I along with my fellow members of The Consumer Advocates for Smoke-free Alternatives Association (CASAA) thank you for considering my comments on this issue. I look forward to your continued support in protecting my access to vapor products and would be happy to answer any questions you might have.

On Tuesday evening, Sept. 8, 2020, Governor Ron DeSantis made the bold, but logical decision to Veto SB 810!

You can read the governor’s full veto message here.

Among states where flavor bans have been enacted (RI, NY, MA, and NJ), Governor DeSantis is the first to stand up to a flavor ban bill passed by the legislature. Florida’s governor is also the first to publicly acknowledge compelling data showing that passing such a bill would “almost assuredly lead more people to resume smoking cigarettes, and it would drive others to the hazardous black market.”

Why does standing up to flavor bans matter in a post-PMTA world?
For those new to vaping or just generally unfamiliar with federal tobacco regulations, the premarket tobacco application (or PMTA) deadline is today, September 9, 2020. This application is required to keep or bring new tobacco/nicotine products on the market. It is estimated that 95% to 98% of vapor manufacturers will not be able to afford this process and are not capable of filing on time.

But 98% is not 100% (as the antis are fond of saying), so there will still be a handful of flavored vapor products allowed for sale.

The FDA has already approved some new tobacco products that are being sold in flavors other than tobacco (specifically mint, menthol, and wintergreen). In the weeks prior to today’s deadline, the FDA is also accepting for review several applications for bottled e-liquid in flavors ranging from tobacco to cereal to fruit. Despite the rhetoric from certain members of congress and the incessant pro-drug war drum beat of tobacco prohibitionists, FDA is still capable of approving flavored smoke-free nicotine products for market. Moreover, FDA may even allow manufactures of these products to market them as safer than cigarettes, if they apply for and receive a modified risk order.

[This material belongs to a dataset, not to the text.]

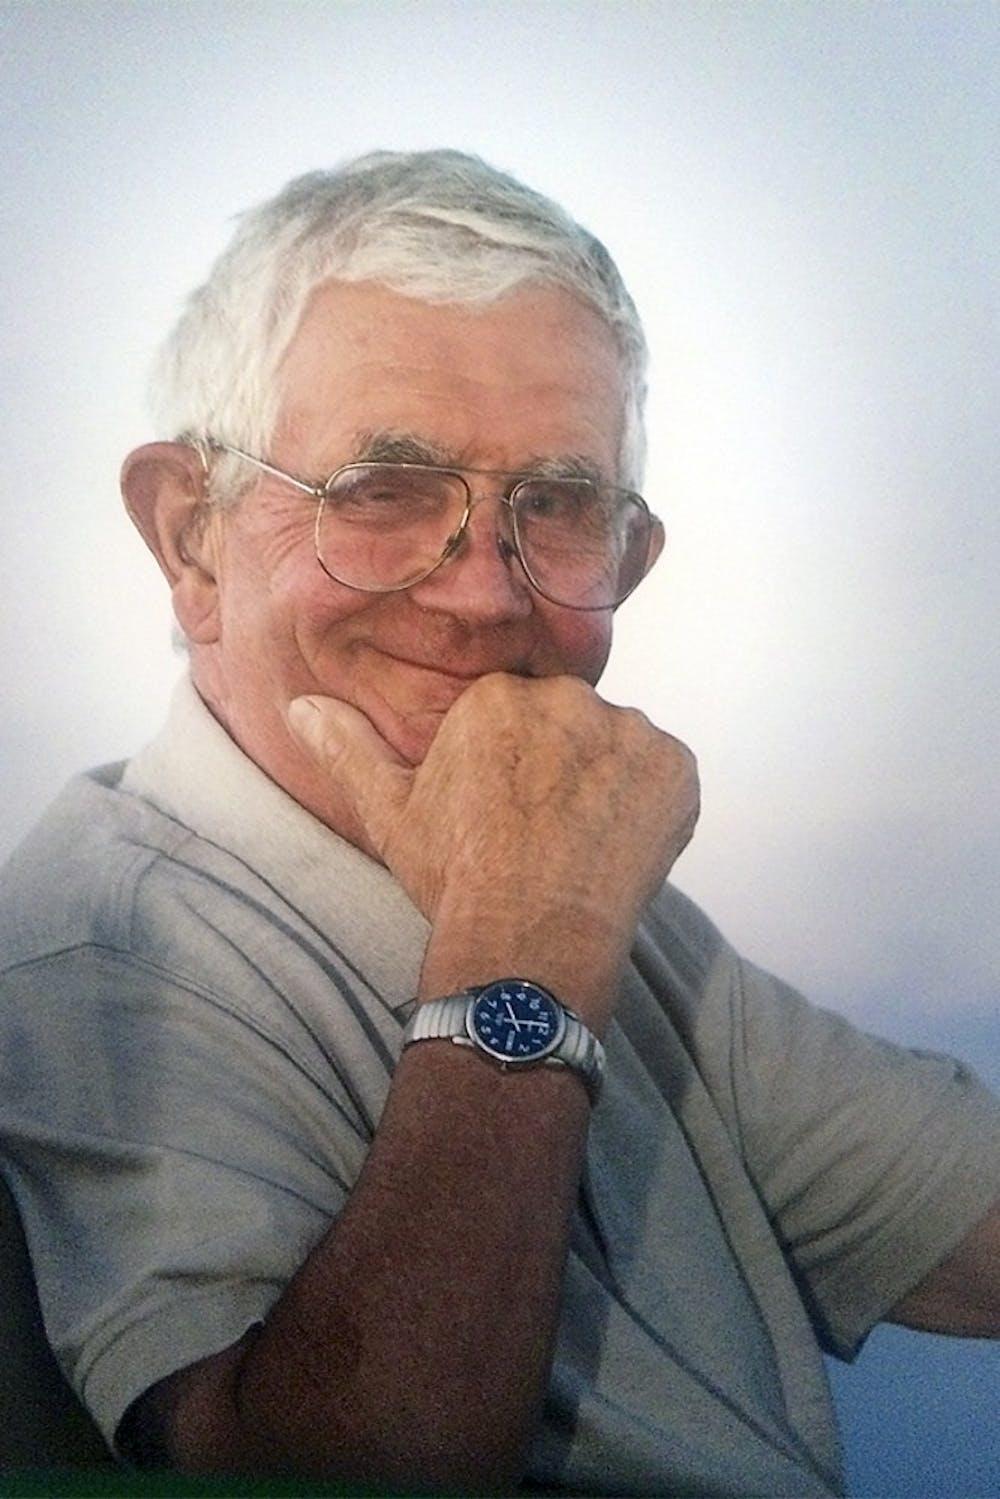 'Farmer Bob' Nutter, founder of Maple View Farm, dies at 90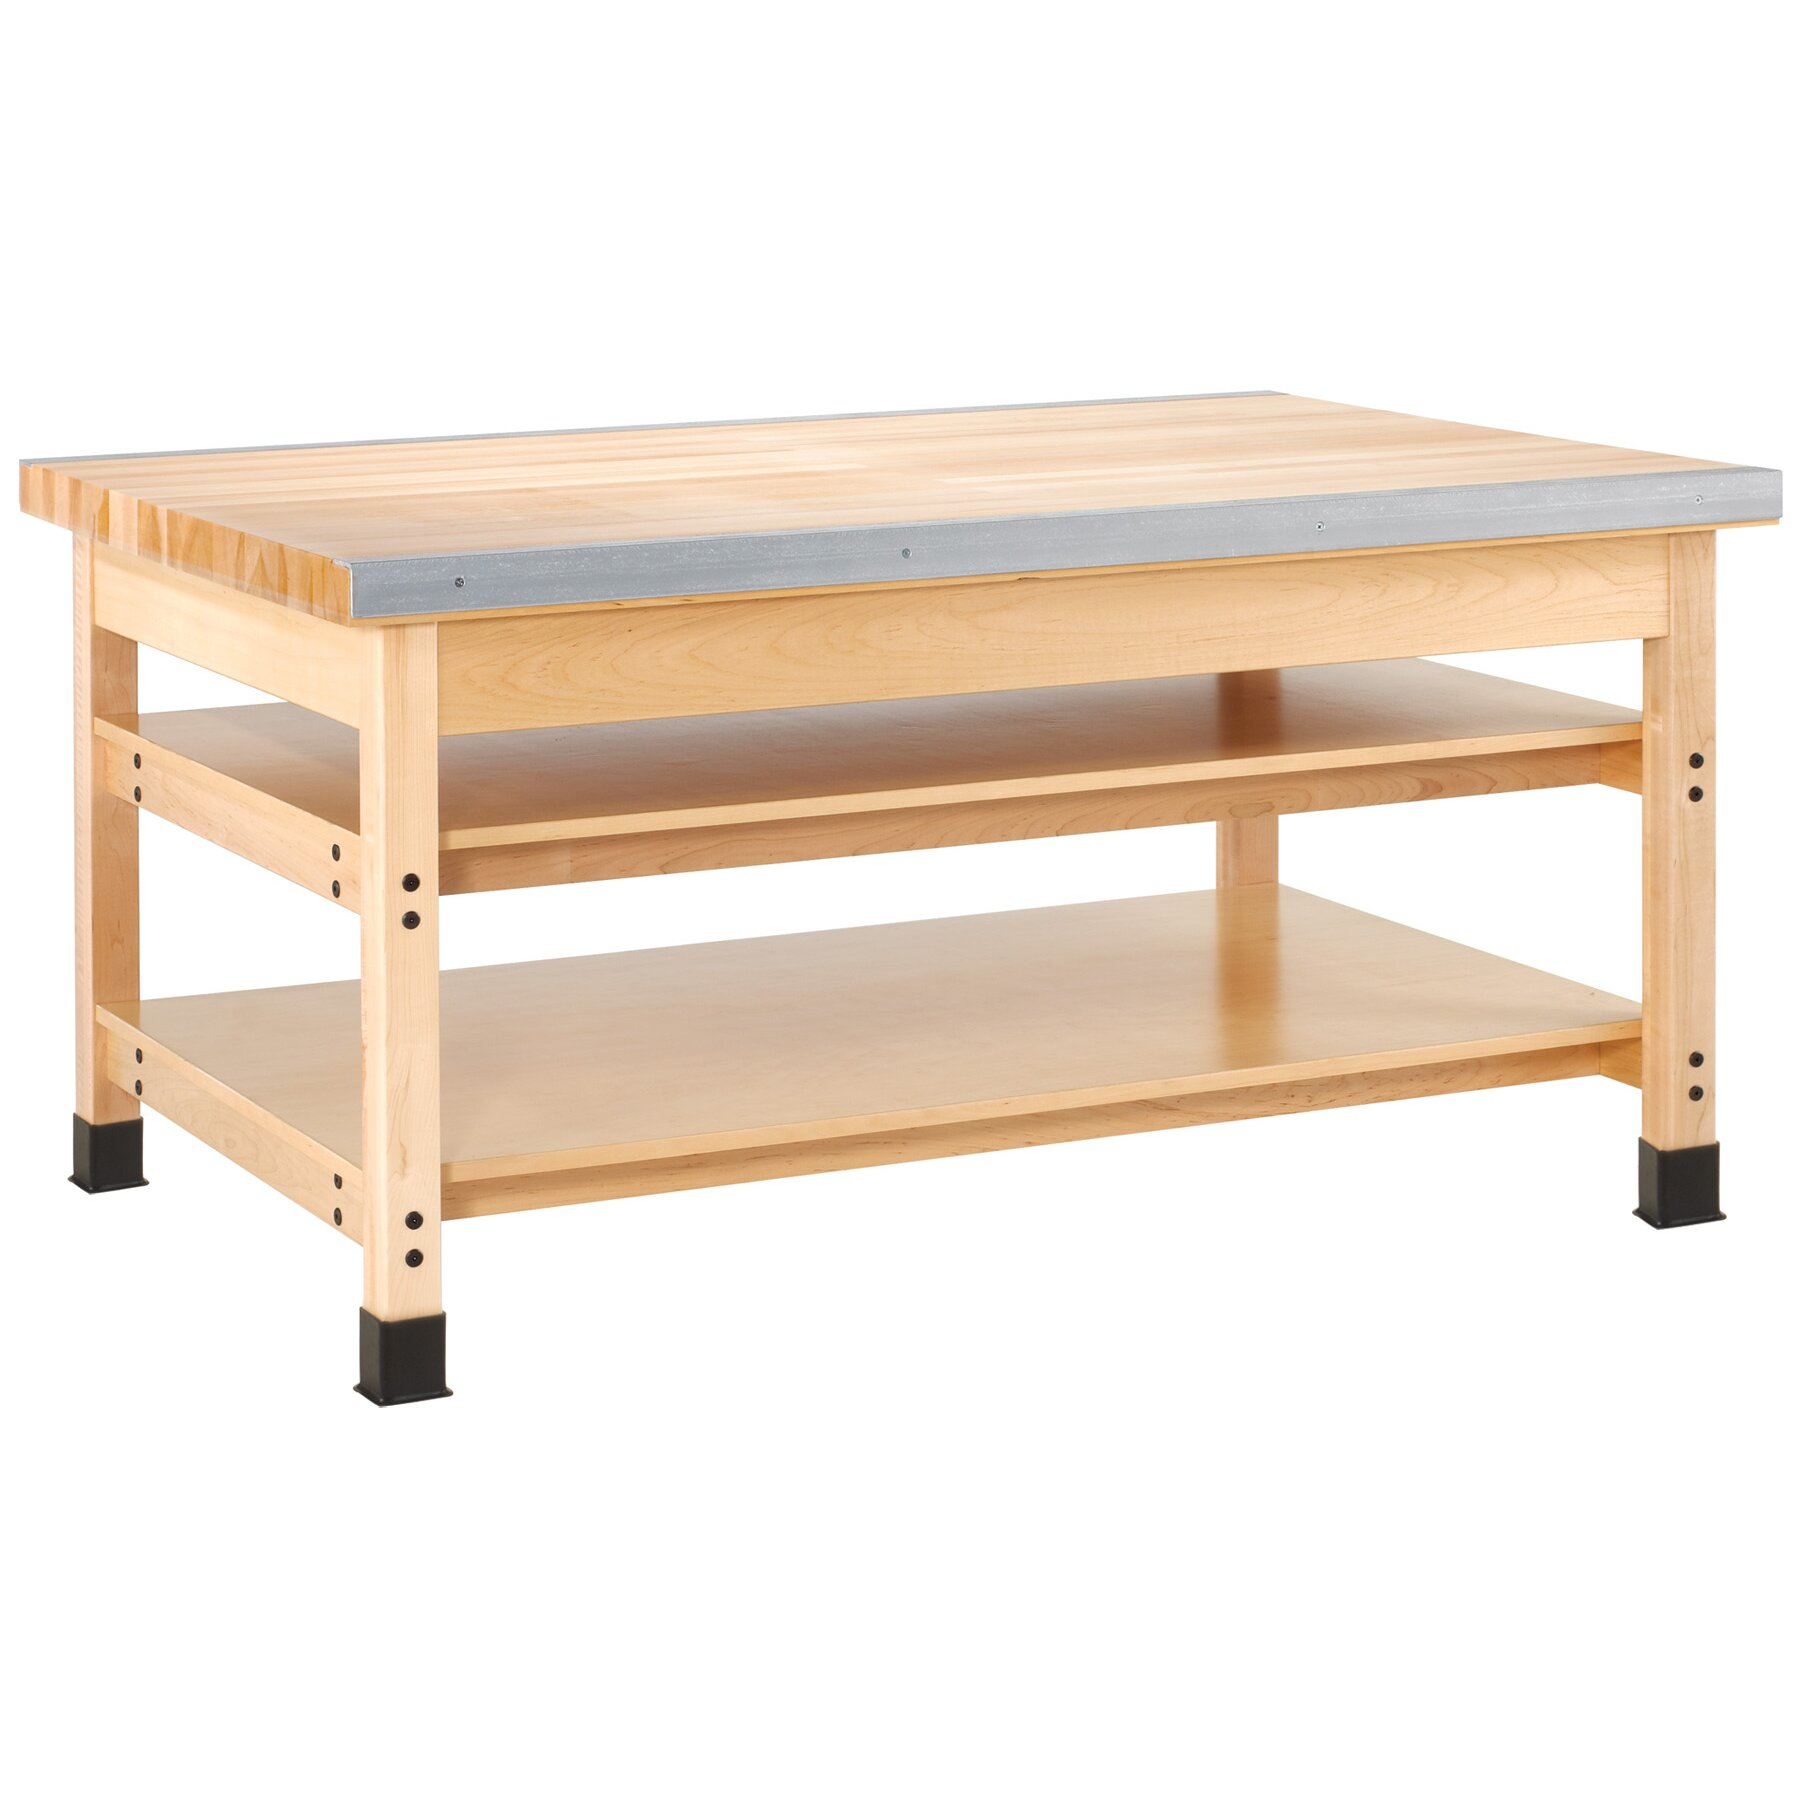 Shain Maple Top Workbench Wayfair Supply

By vetoing SB 810, Governor DeSantis is supporting decisions by FDA to allow low-risk flavored nicotine products on the market after concluding that these products meet the “appropriate for the protection of public health” standard.

SB 810 and all of the other flavor ban legislation that CASAA is tracking are harbingers of things to come in 2021. While the PMTA approval process is daunting, and most manufacturers can not afford the cost of submitting on time (or at all), we anticipate that FDA may approve the sale of some flavored vapor products. Without action from congress (amending the Tobacco Control Act to ban flavors in smoke-free products), cities and states remain the battleground for flavor bans.